There have been many things wrong with our current regime. For example, employment cases are currently heard in two types of court: the employment tribunal and the High Court or county courts. Confusingly some claims, such as those for breach of contract following the end of the employment relationship, can be heard in either.

The biggest problem is that the majority of potential users (and this can include SME employers as well as employees) are completely shut out of the system because it is practically too expensive to use. The introduction of tribunal fees reduced the number of claims in broad terms by what most people accept is around 75 per cent.

The report has answers for this and while it concentrates on the current work of the High Court, county courts and the Court of Appeal, it also refers to employment tribunals. Although Briggs’ review will not be finalised until July 2016, it already lays out radical proposals which will help repair the current regime.
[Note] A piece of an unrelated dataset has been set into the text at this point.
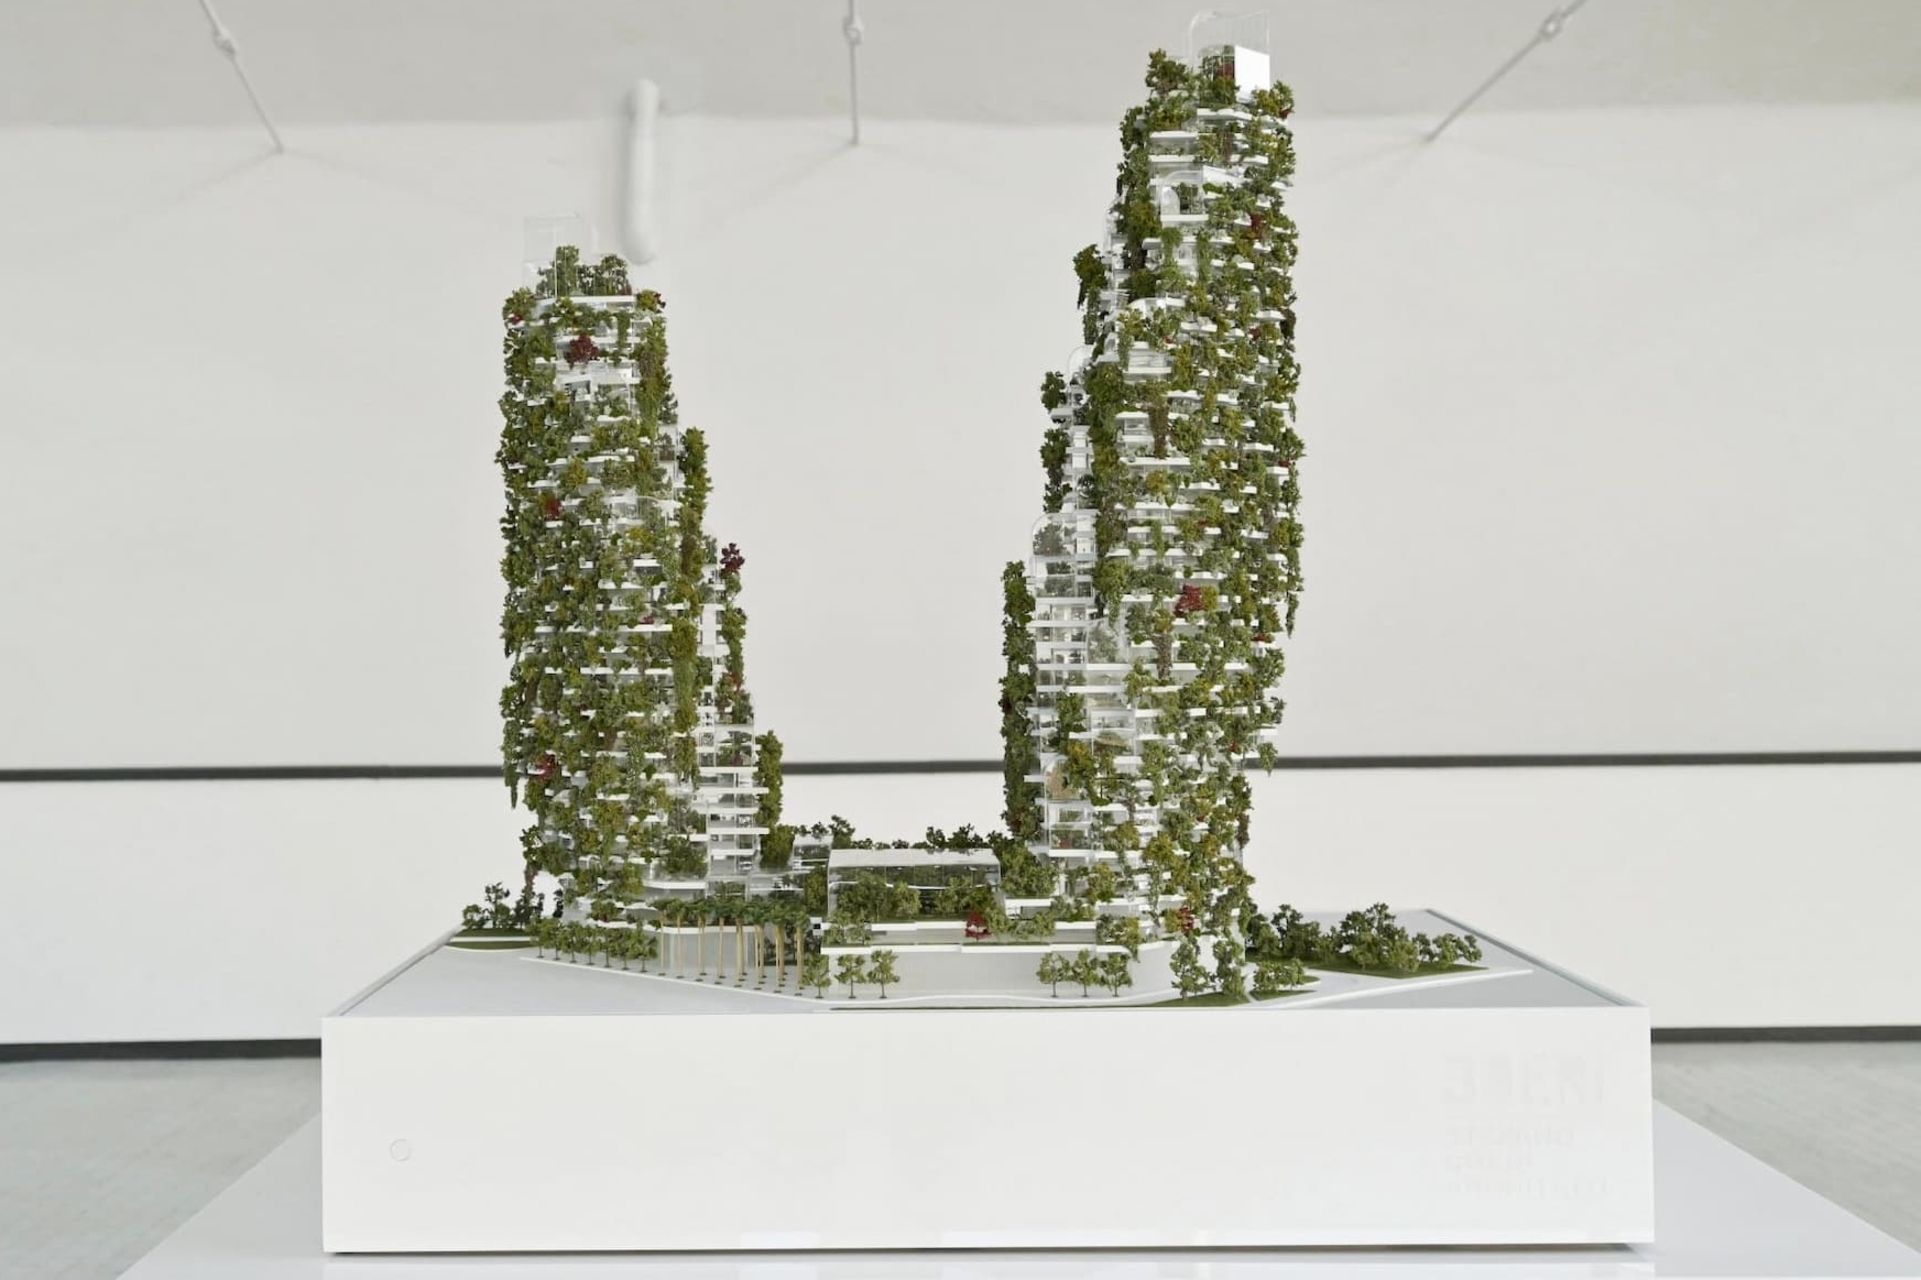 Bosco Verticale: il modello di Dubai conterà di due torri che puntano sul concetto di riforestazione urbana. Grande attenzione sarà volta al ciclo dell'acqua, grazie al quale questa preziosa risorsa non sarà sprecata

For a start we are going to see widespread ‘digitisation’ so that courts and tribunals will no longer drown in paper. They are going to insist on electronic communication only. The government has set aside £700 million to spend on this programme. In terms of case presentation in future, there will be a lot to learn.

There is to be a dramatic solution for our court and tribunal buildings which are, in certain parts of the country, woefully underused. For some claims, there are not going to be any! It is envisaged that claims worth below £25,000 will be dealt with ‘virtually’ via a new online court. Although the report does not specify this, it is likely this will include employment claims.

There is also the possibility (although this is not really articulated in the report) that it could herald a significant increase in the number of claims. The online application process may encourage those who cannot afford legal and other representation to begin legal proceedings at present. The power of the internet is articulated forcefully by Richard and Daniel Susskind in their book ‘The future of the professions’ published last year. Information may become much more accessible to would-be claimants, and employers may find they are going to have to run faster to keep up. Arguably the possibility of court challenges may have to be factored back into organisational decision-making.

Briggs clearly supports the concept of a single employment court, a proposal first mooted by the outgoing president of employment tribunals in England & Wales two years ago. Until recently many envisaged this would be part of the existing tribunals system. The report advocates it being brought over to the courts, which would mean different procedural rules for employment claims and, crucially, different costs rules. That may require HR advisers to adopt new strategies.

The big unknown is the role of Acas. The new Early Conciliation system, introduced almost two years ago, has been of considerable benefit to enlightened employers that have used the process to head off claims before a tribunal is involved, or otherwise to learn more about claims they are about to face. But what is its future if employment cases leave the tribunals for good and become part of the civil court process?

The timescale for these proposed changes is just four years. Whatever happens, the world of employment litigation is not going to look the same. HR professionals need to absorb what is to come as it will very much affect the way they handle employment cases in future.